- [Aim of the task] Return exactly, with nothing added, the lines from the one that contains "Casio SE-C6000, SE-S6000" through the end of the listing below, pictures excluded.

Top of Source material

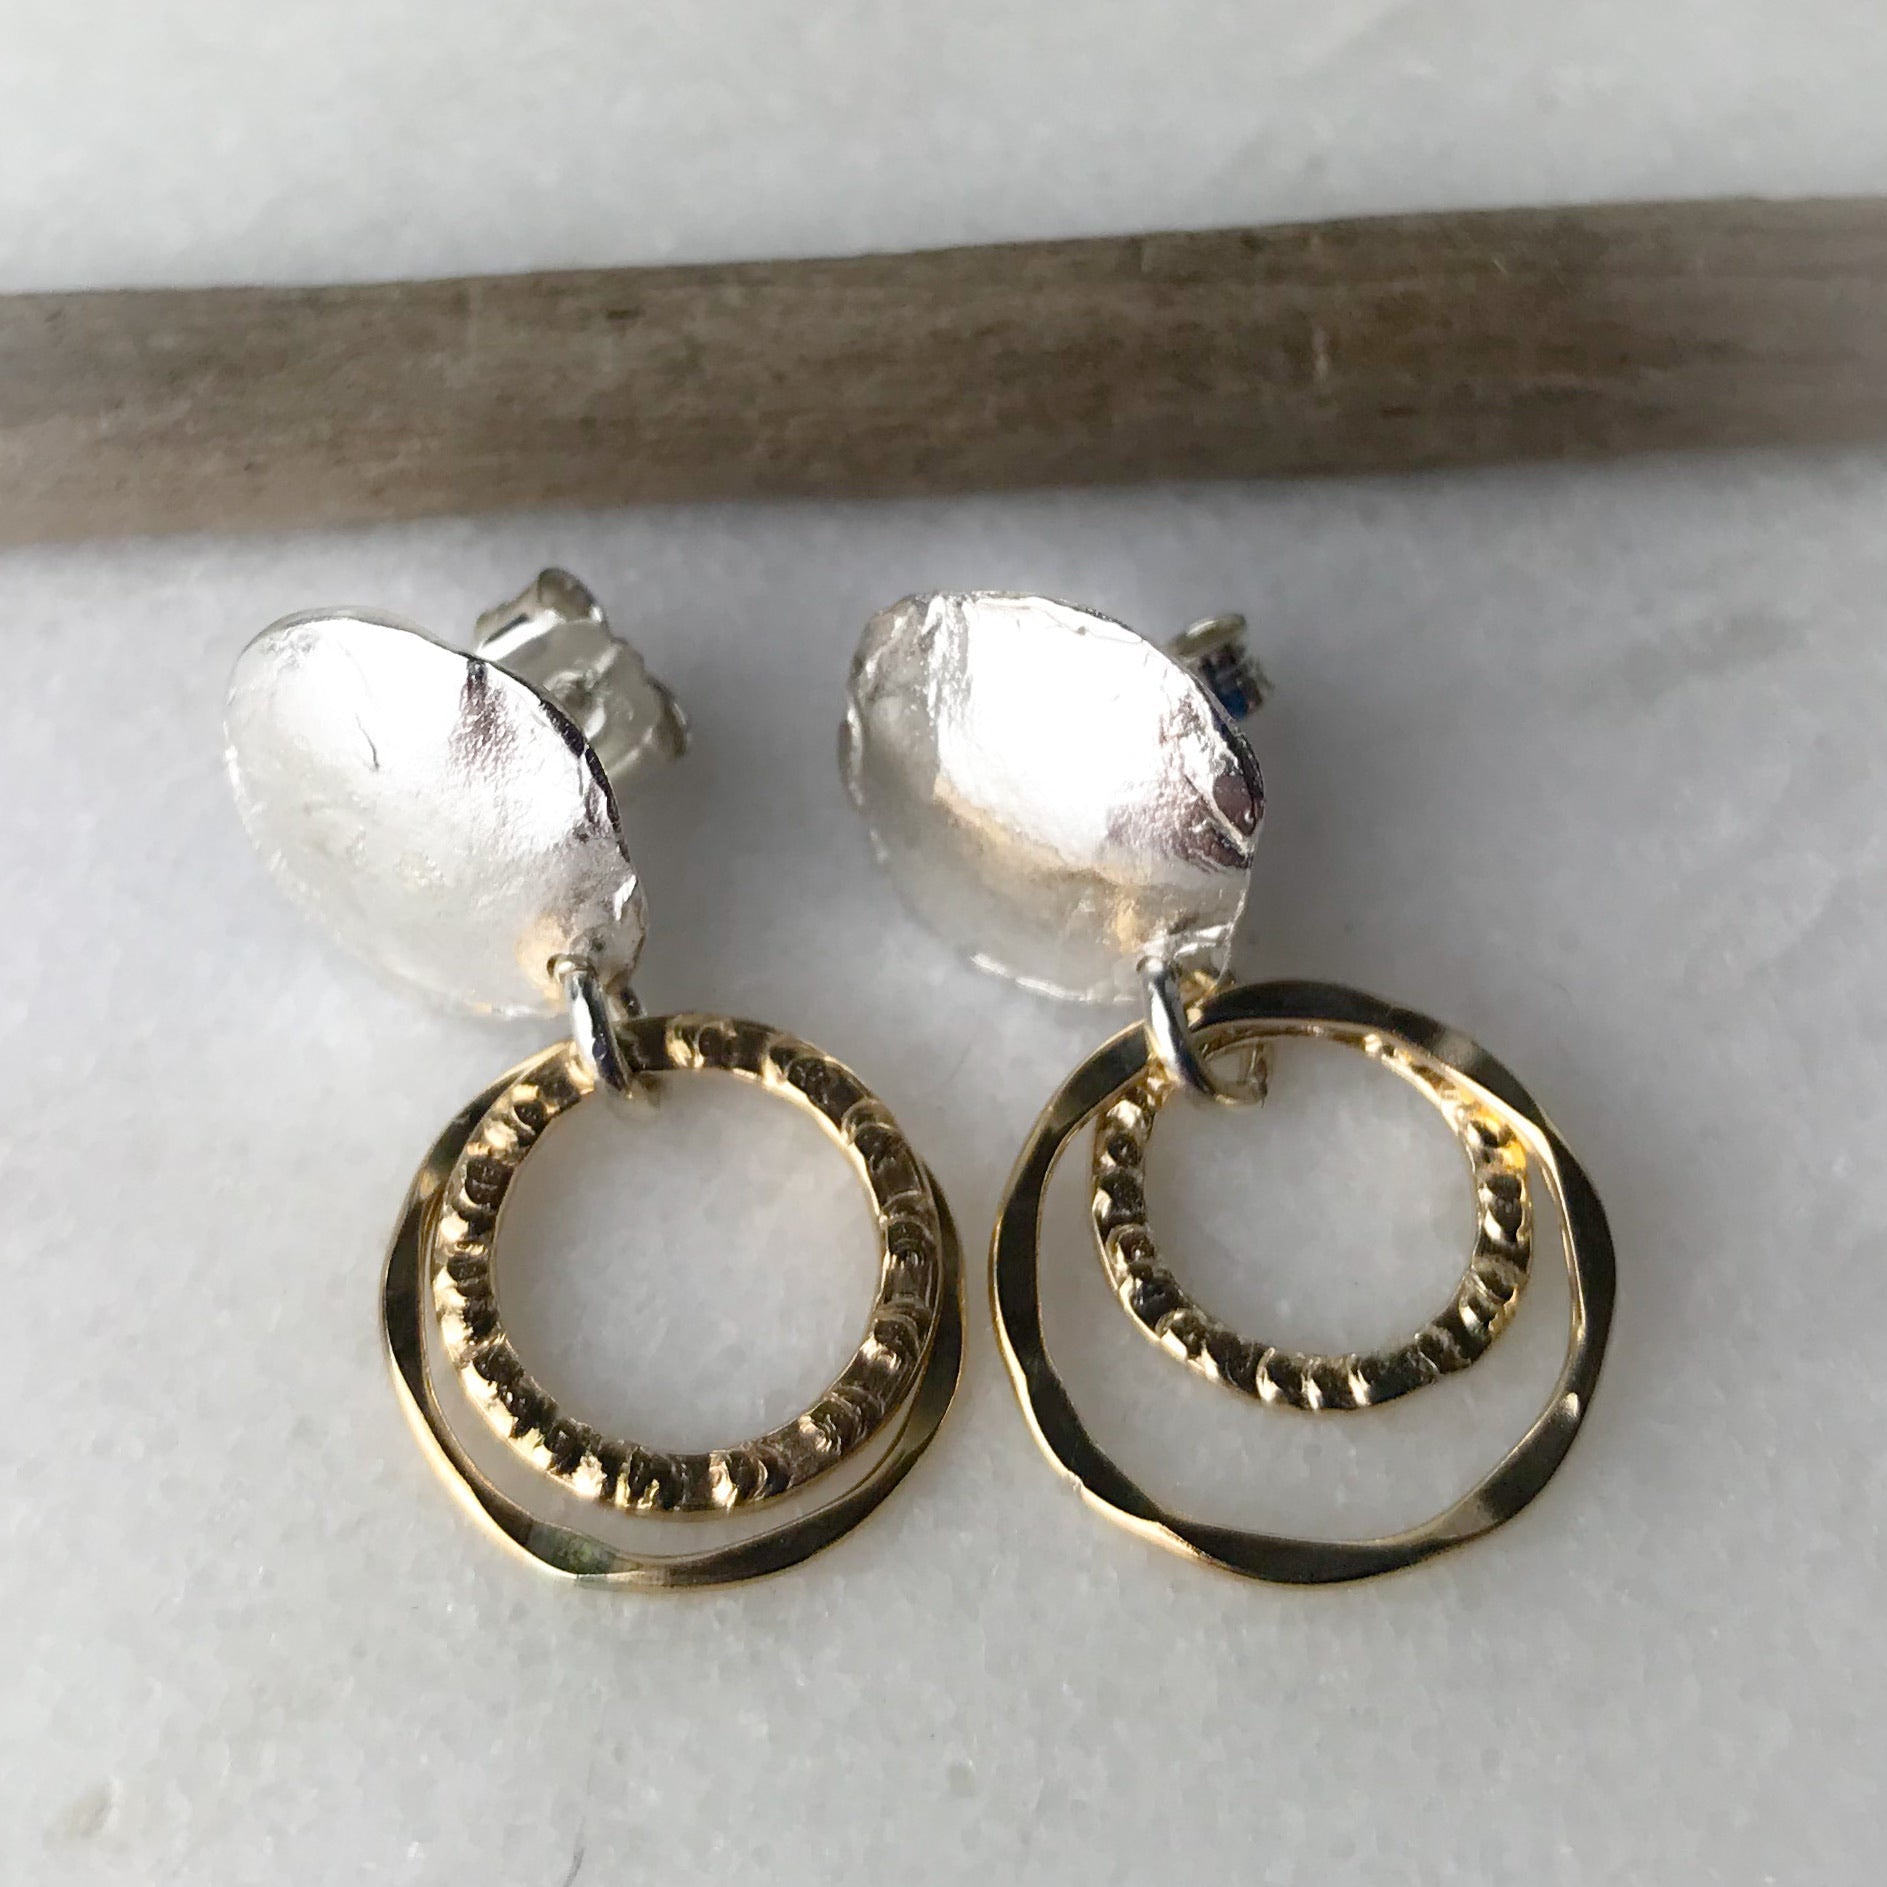 Circles Earrings - The Nancy Smillie Shop - Art, Jewellery & Designer Gifts Glasgow
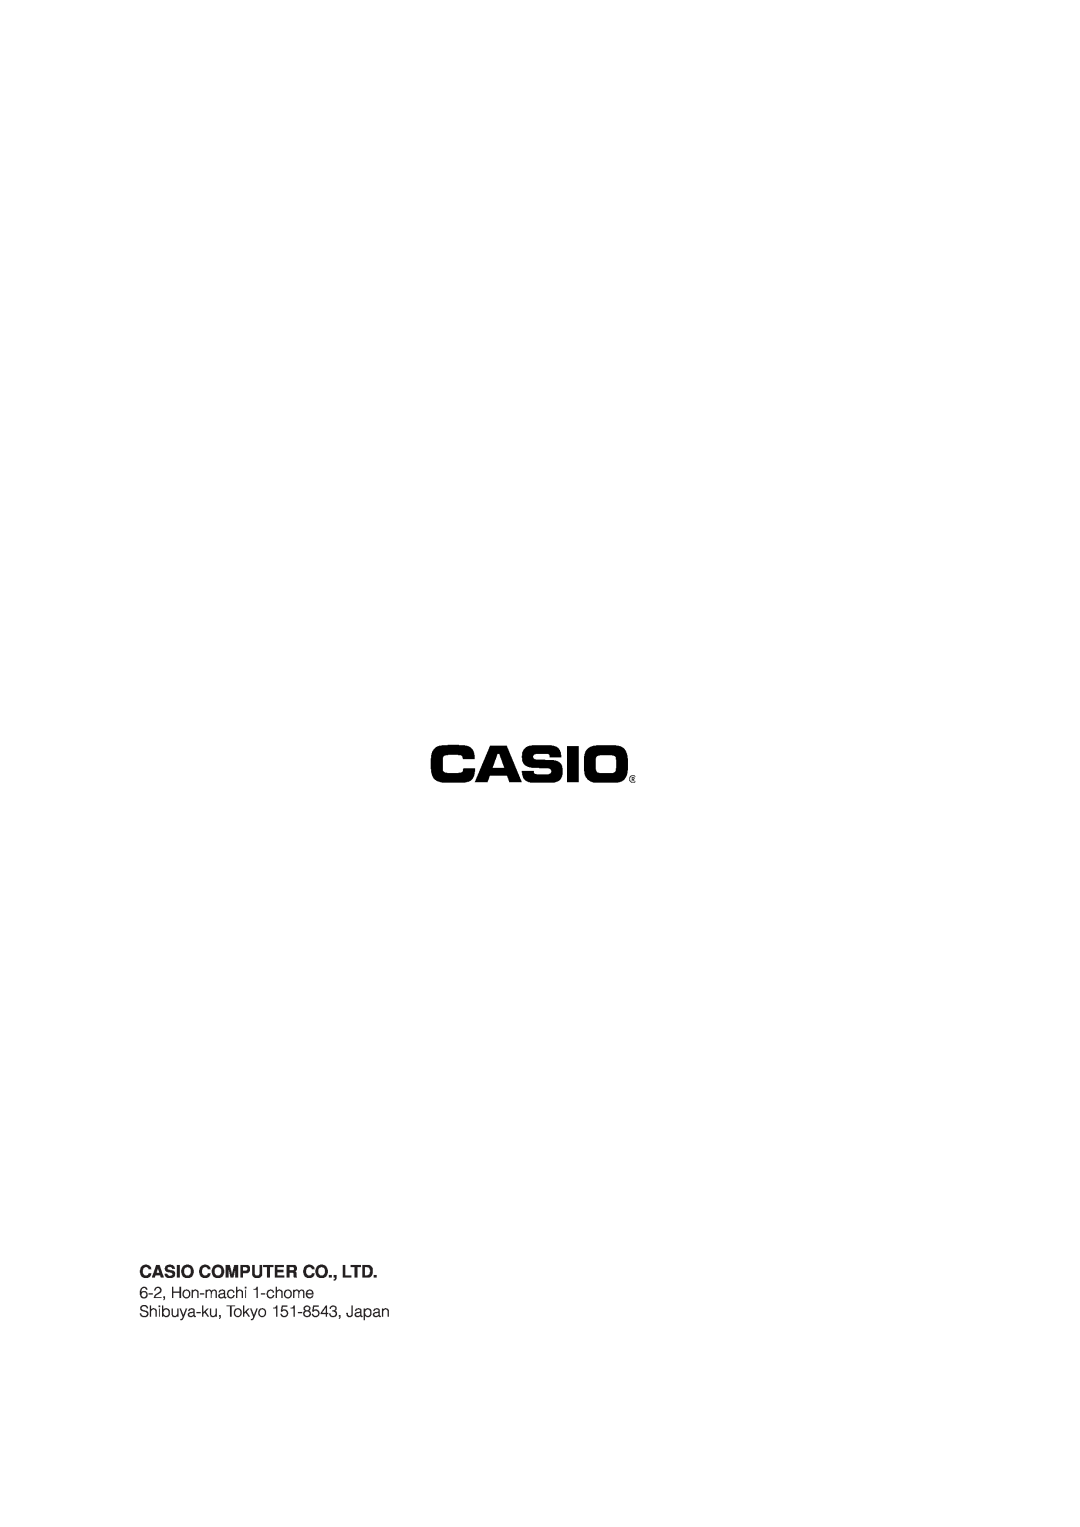 Casio SE-C6000, SE-S6000 user manual 6-2, Hon-machi 1-chome Shibuya-ku, Tokyo 151-8543, Japan 
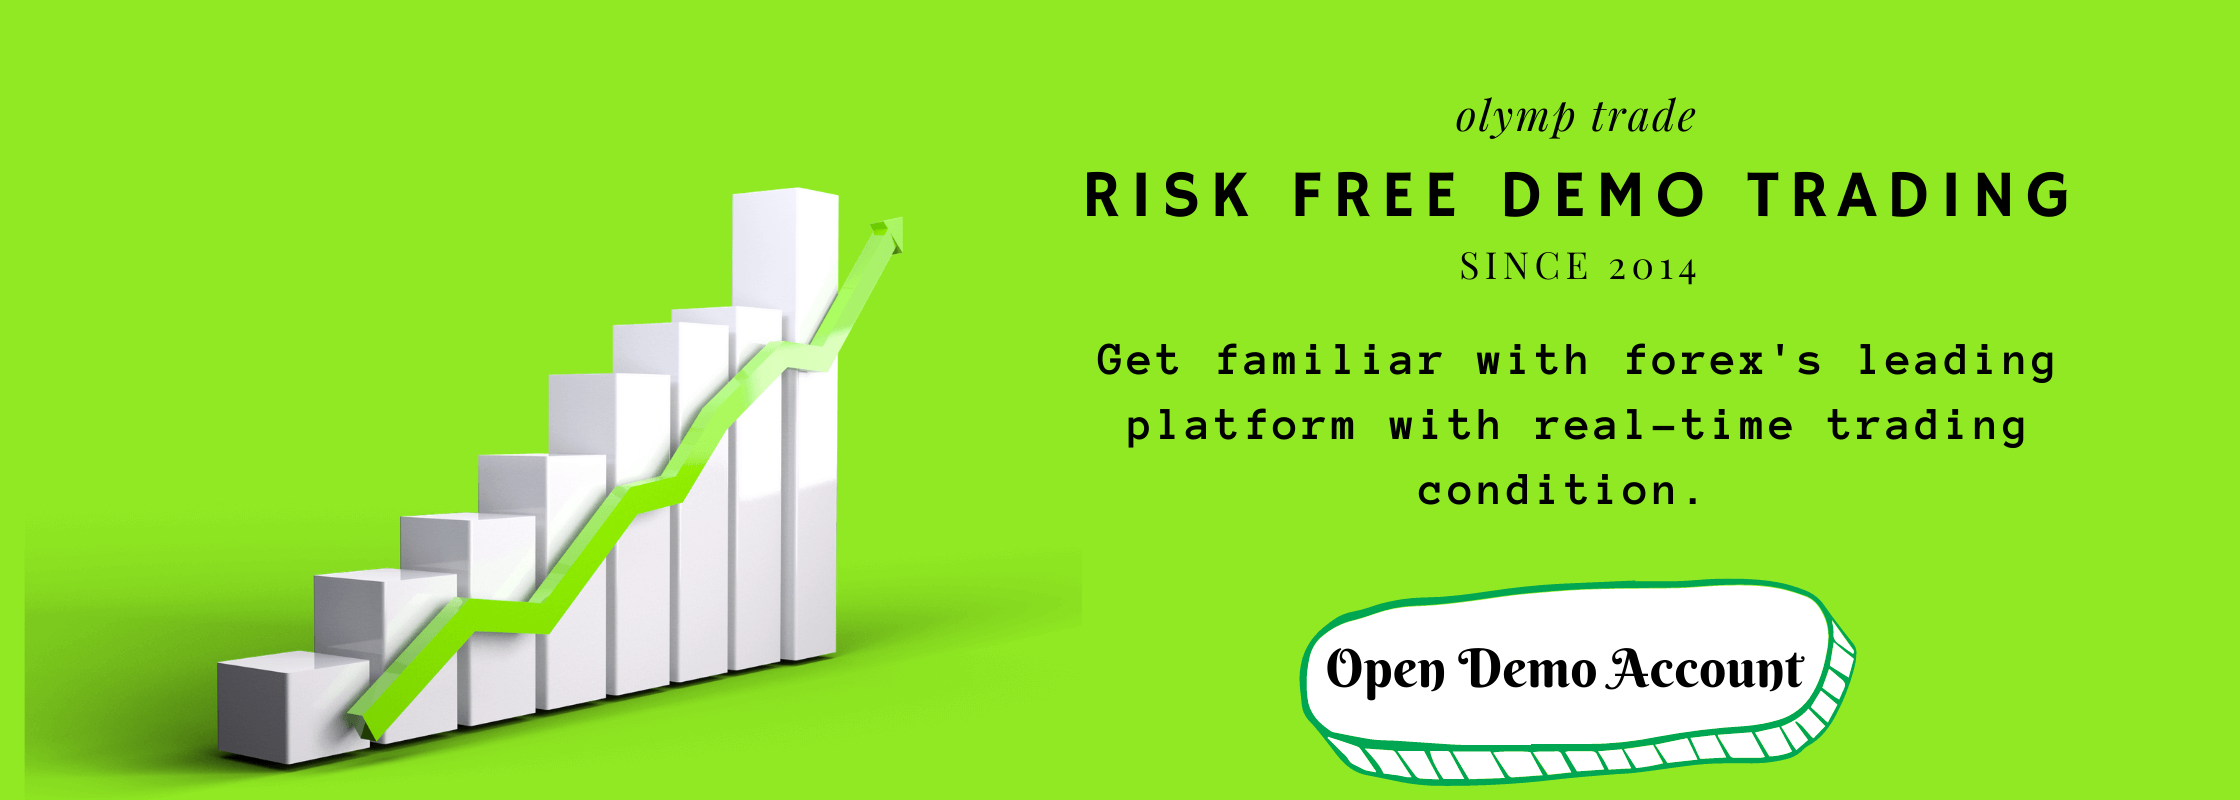 risk free demo trading
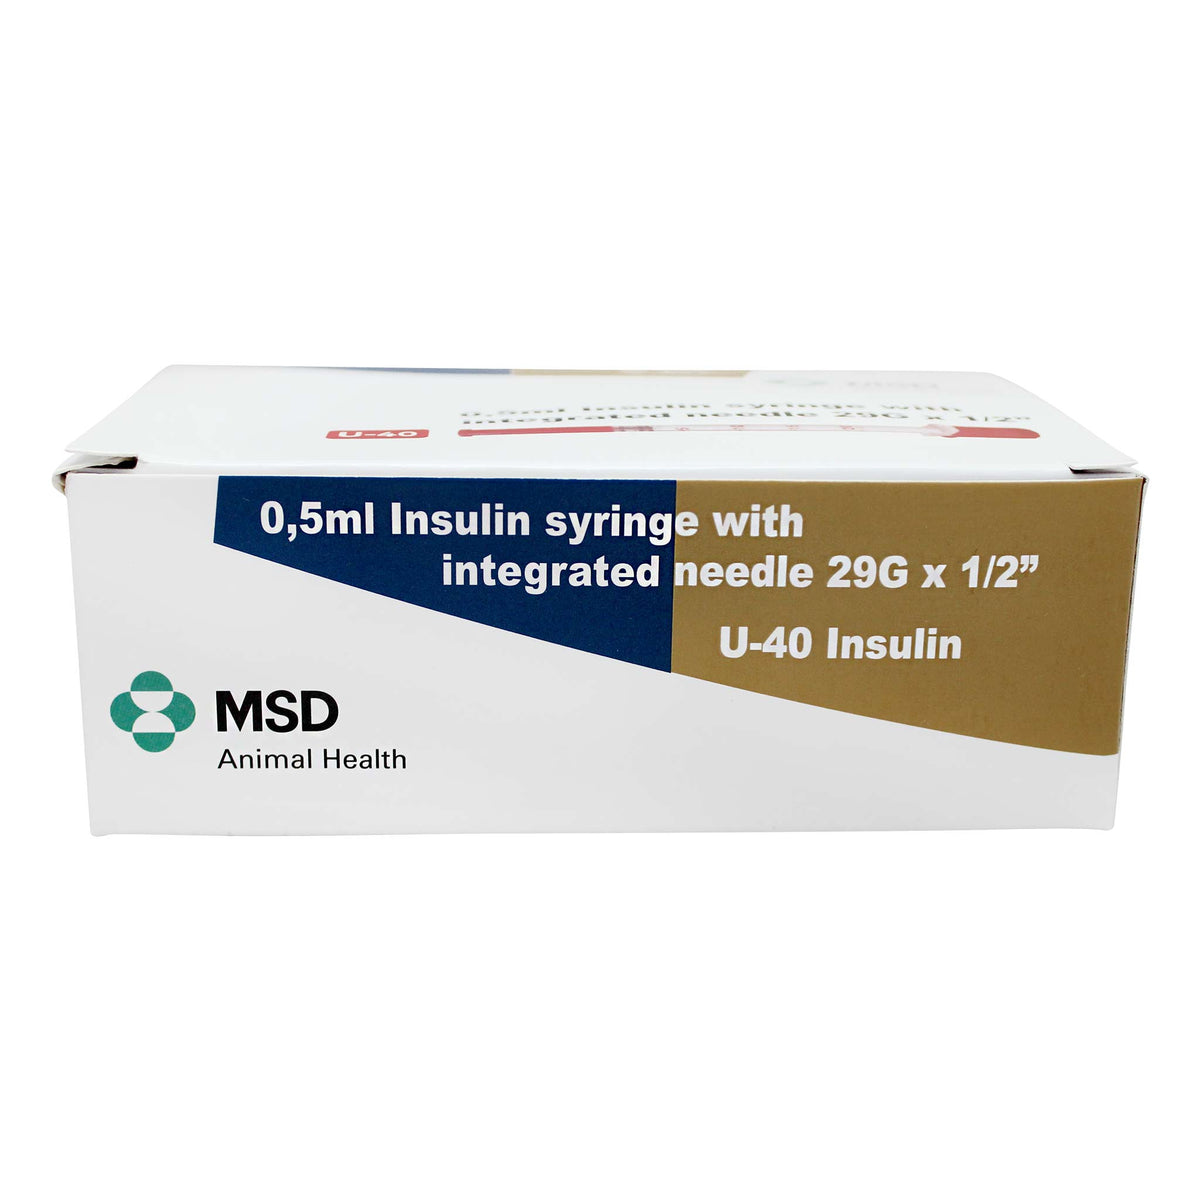 MSD Caninsulin Insulin Syringes - 0.5mL 40IU - Box of 30

Bottom of Source material

- [Task output]
 Casio SE-C6000, SE-S6000 user manual 6-2, Hon-machi 1-chome Shibuya-ku, Tokyo 151-8543, Japan 
 risk free demo trading
 MSD Caninsulin Insulin Syringes - 0.5mL 40IU - Box of 30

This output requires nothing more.